Inconsistency between the text and code

Hi,

Thanks for the great work. Actually, in Fig. 2 of the paper it is written that "*" stands for convolution. For example I_{r-->r}^{i}*f_{r} in Eq. (8) means these two maps get convolved together. However, in code you just use an element-wise multiplication between these two feature maps.

My second question is about unfolding. It seems that after unfolding the input variable (

TransDepth/pytorch/AttentionGraphCondKernel.py

Line 101 in 0a7422c

    
           inputs_se_1 = unfold(inputs_se, kernel_size=3, dilation=1, padding=1).view(f_se[0], f_se[1], self.ks ** 2,

), we get an output with the same spatial size but 9 additional channels, in addition to the previous channels we are already provided. I was just wondering if the spatial content was preserved by this type of unforlding, I mean if we sample the top right corner of the spatial maps, whether all the channels are from the same spatial location in the original map.

Thanks,

Thanks for your attention.
For Q1, actually we do get convolved step by step : unfold-->element-wise multiplication-->sum
For Q2, I think the main problem has been answered by A1. "9 additional channels" is the kernel size^2, which is not related to spatial content.

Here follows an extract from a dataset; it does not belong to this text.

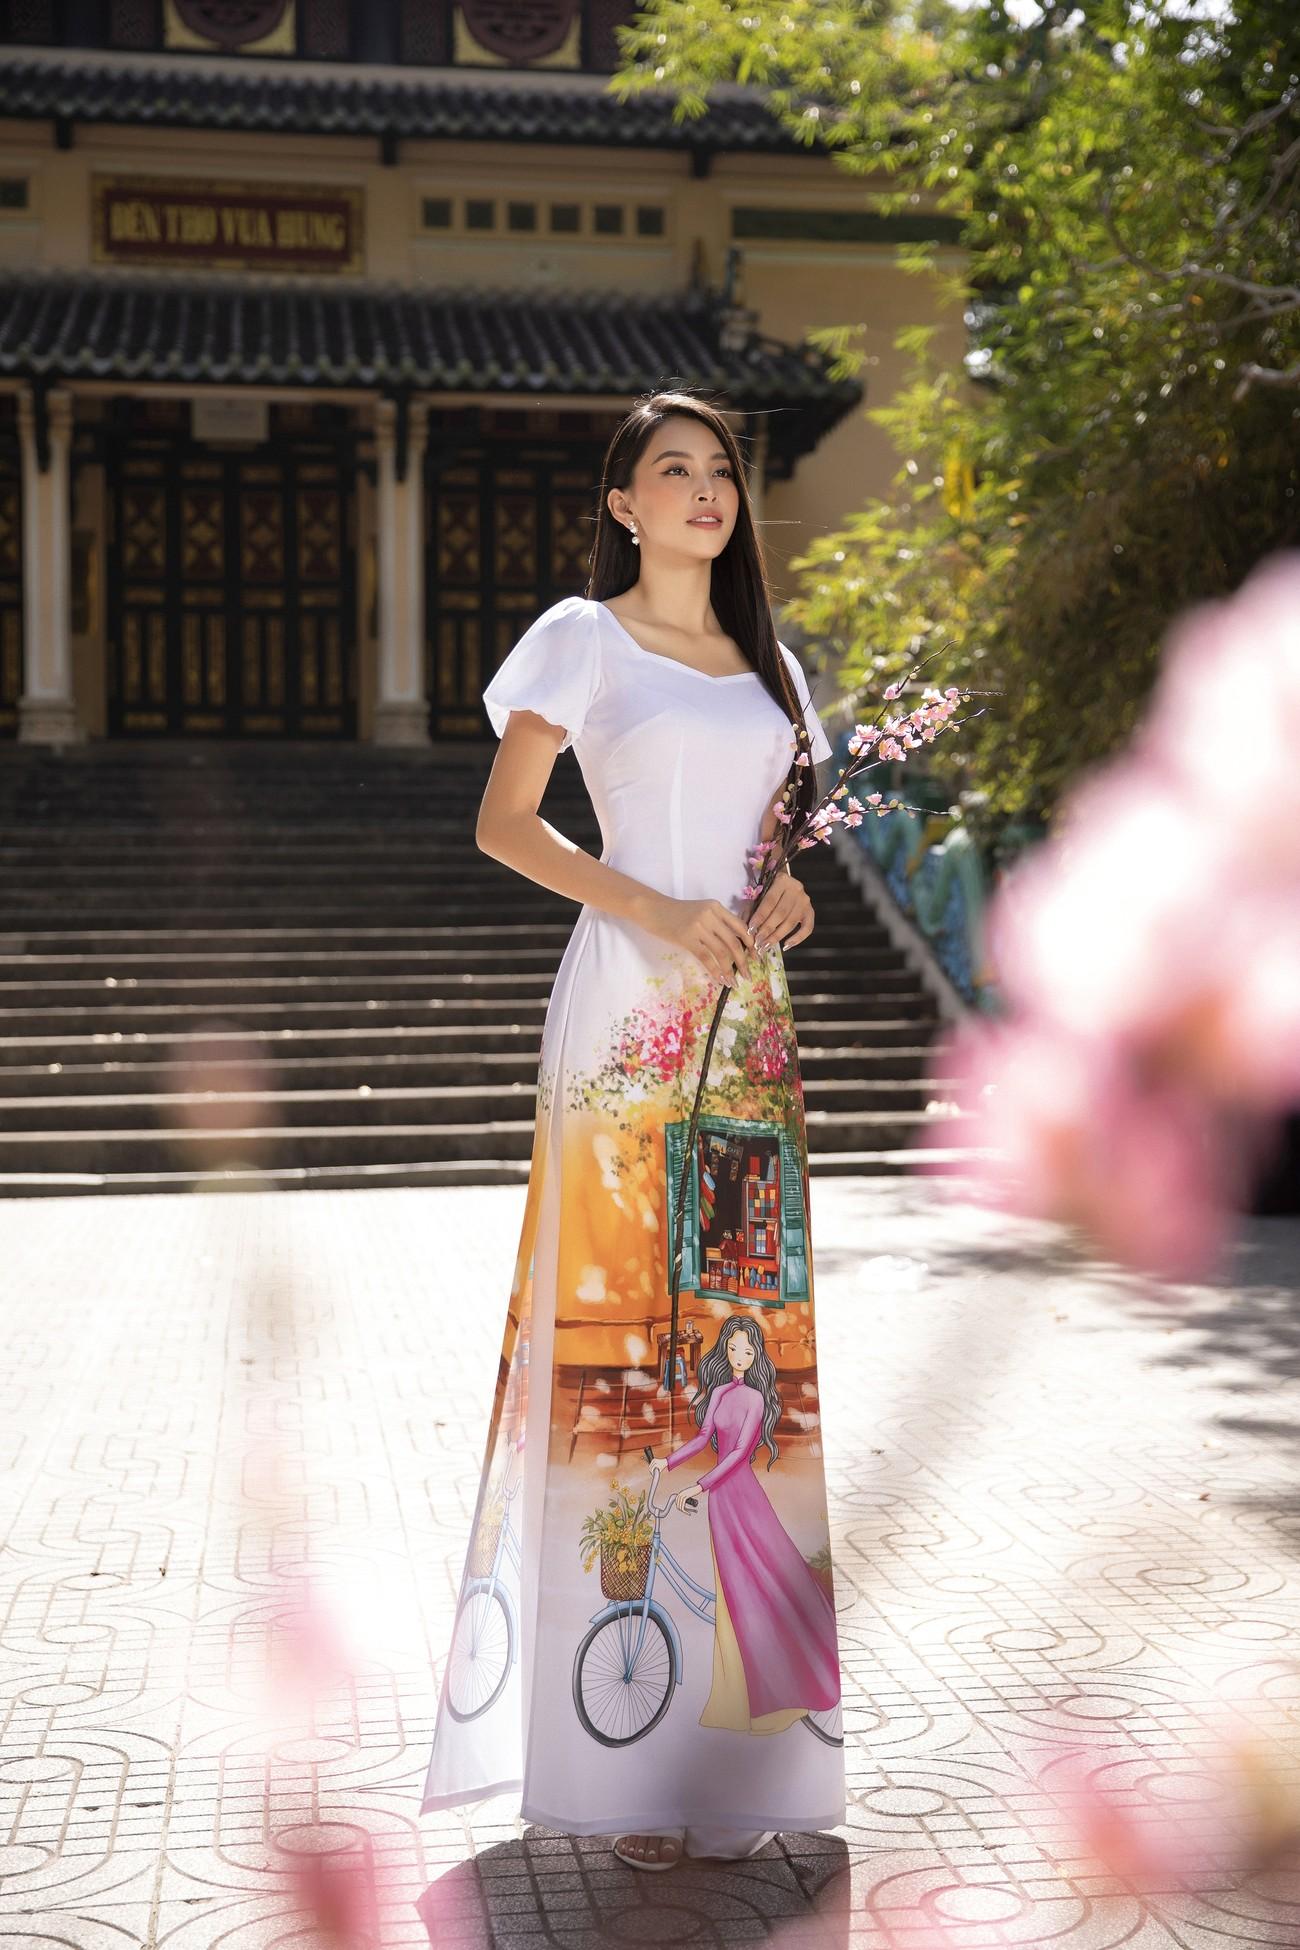 Hoa hậu Tiểu Vy khoe nhan sắc 'cực phẩm', đẹp tựa nàng thơ mùa xuân với áo dài Tết ảnh 5
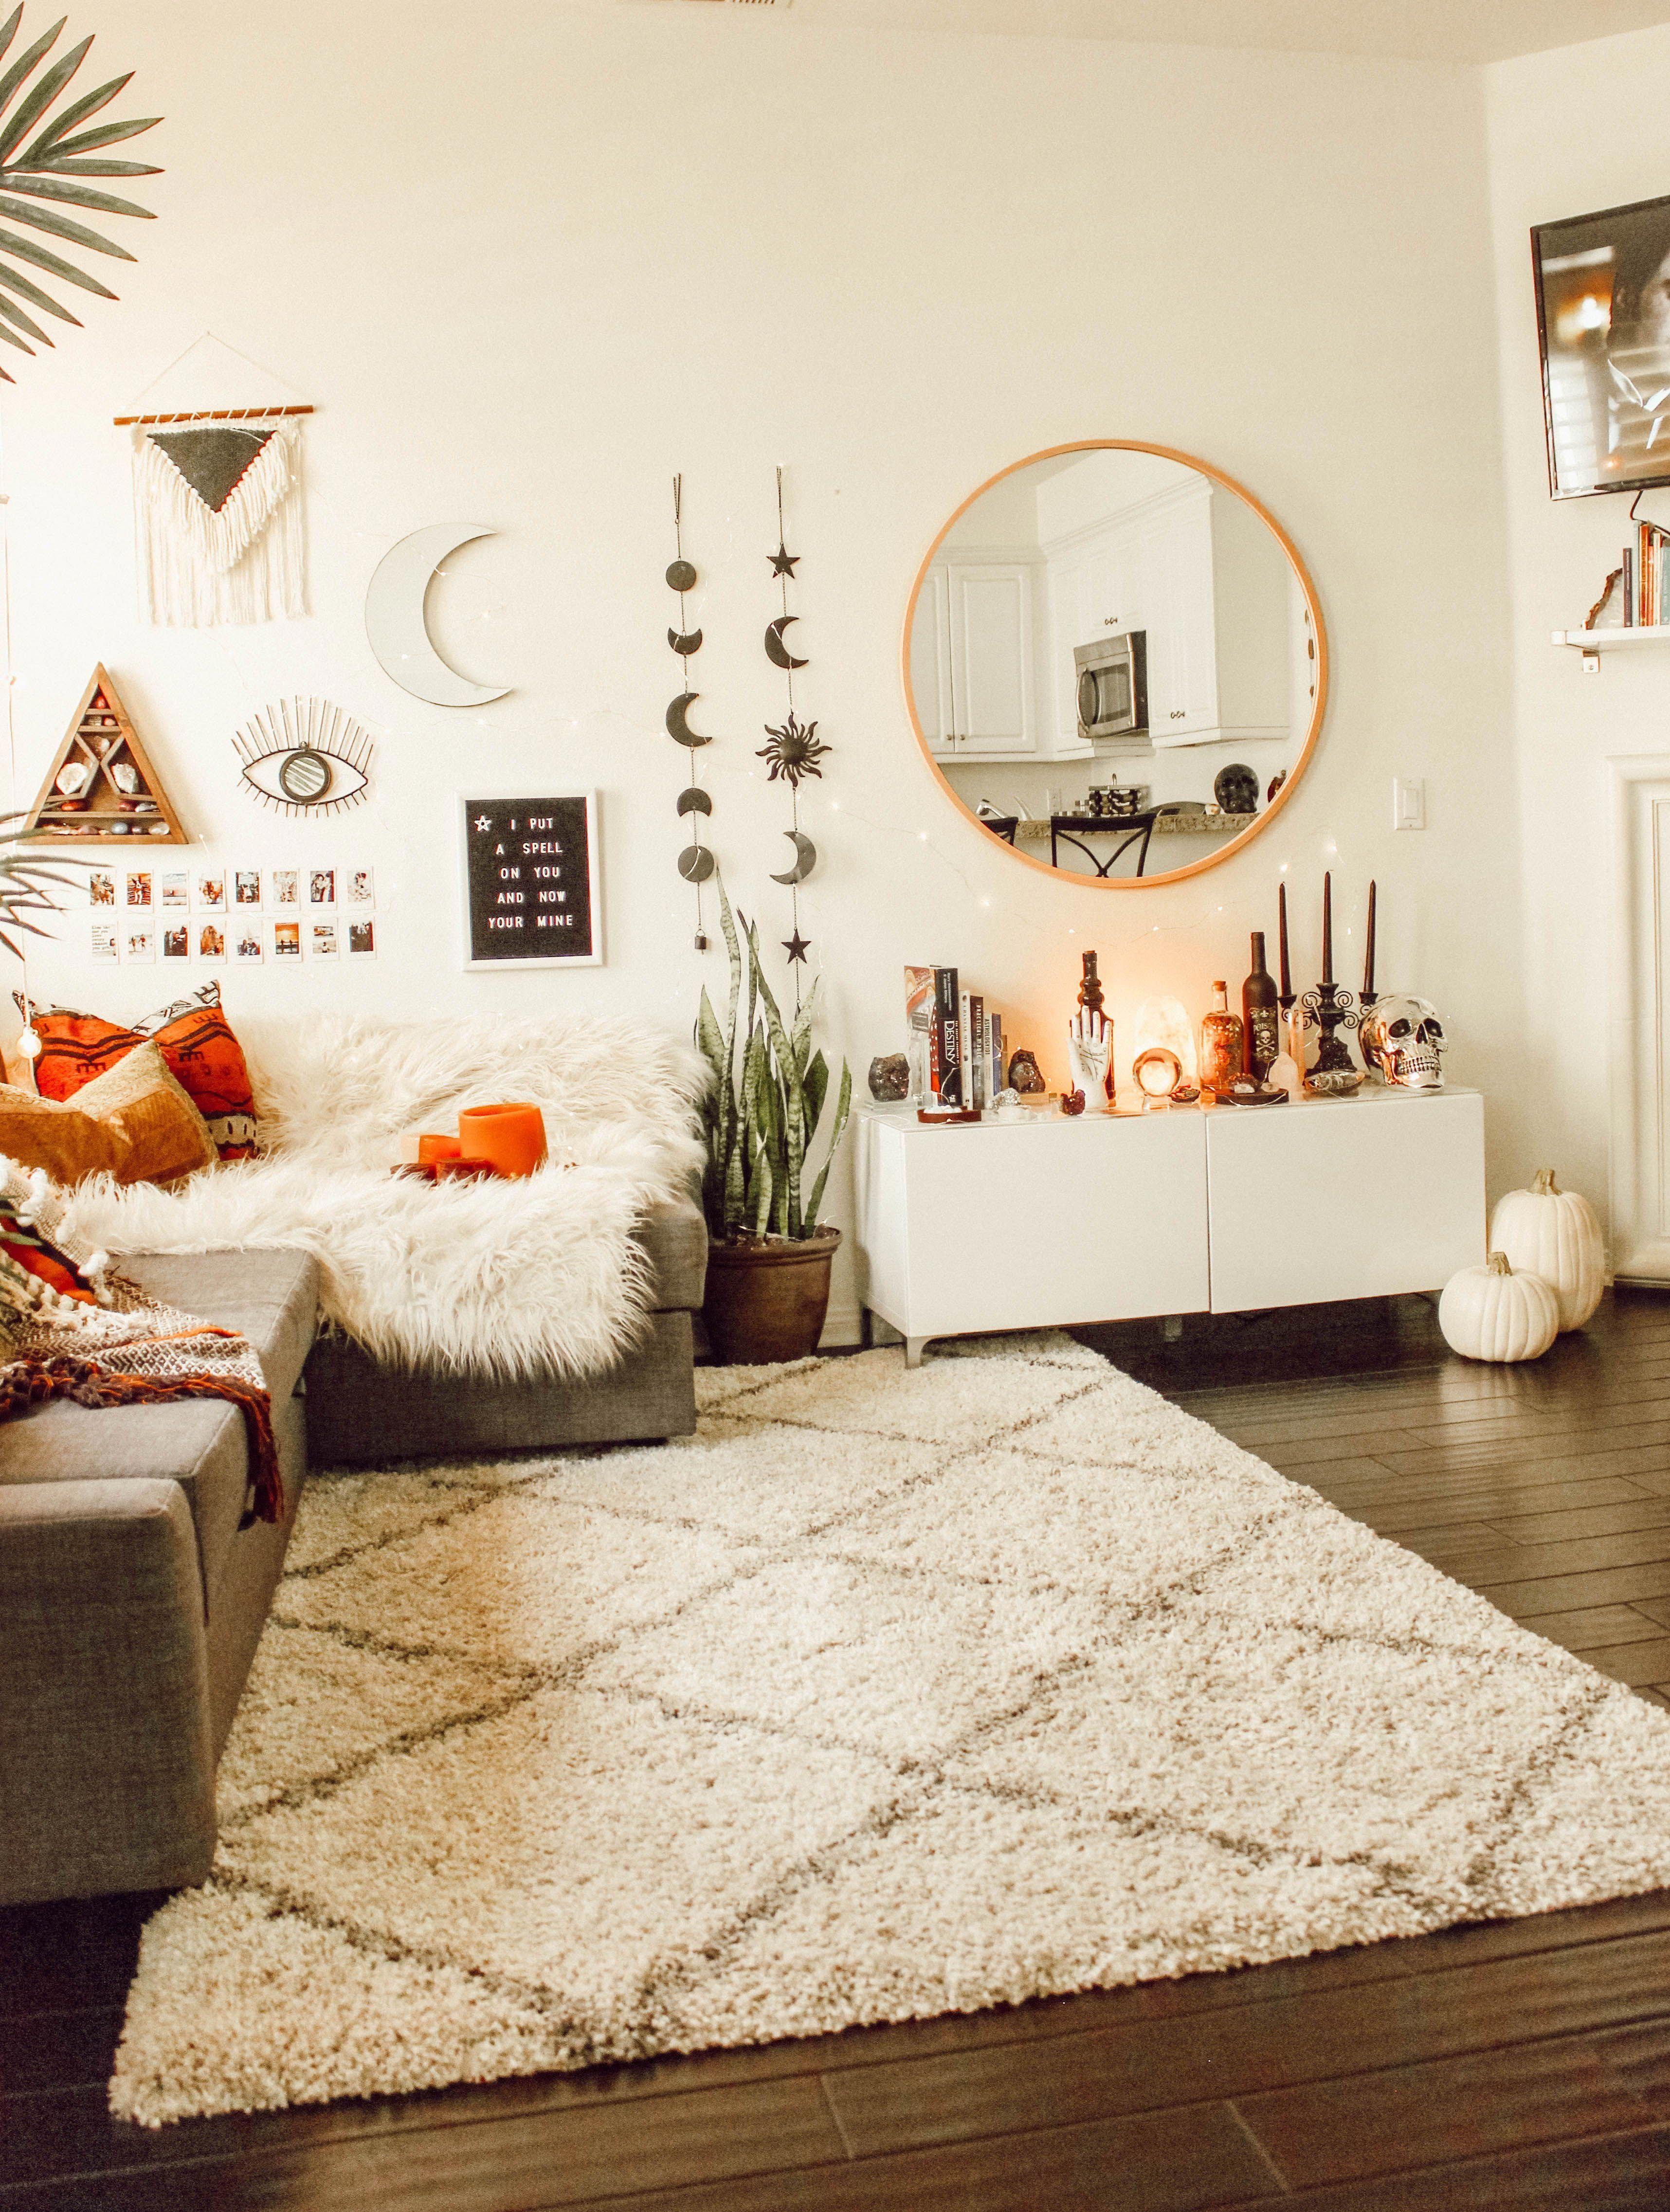 Master Bedroom Decorating Ideas   Interior Design Styles Bedroom   Master  Bedroom 20190427

Thank you so much for your response. Actually, I didn't understand what does the unfolding do here for us? You mean it is the same as getting a copy from a feature map for 9 times and then storing them as a new dimension?

I know that it extracts a rolling blocks from the spatial dimension but here I can't imagine what it looks like in practice. May you please a bit elaborate on it.

def unfold(input, kernel_size, dilation=1, padding=0, stride=1):
# type: (Tensor, BroadcastingList2[int], BroadcastingList2[int], BroadcastingList2[int], BroadcastingList2[int]) -> Tensor # noqa
r"""Extracts sliding local blocks from a batched input tensor.

.. warning::
    Currently, only 4-D input tensors (batched image-like tensors) are
    supported.

.. warning::

    More than one element of the unfolded tensor may refer to a single
    memory location. As a result, in-place operations (especially ones that
    are vectorized) may result in incorrect behavior. If you need to write
    to the tensor, please clone it first.


See :class:`torch.nn.Unfold` for details
"""

Hope it is useful for you

Thanks Stanly, but I was looking for what by this function you were looking into!!

In other words, If this unfolding is considered whenever we want to implement a convolution between two feature maps?

it just for the AGD module.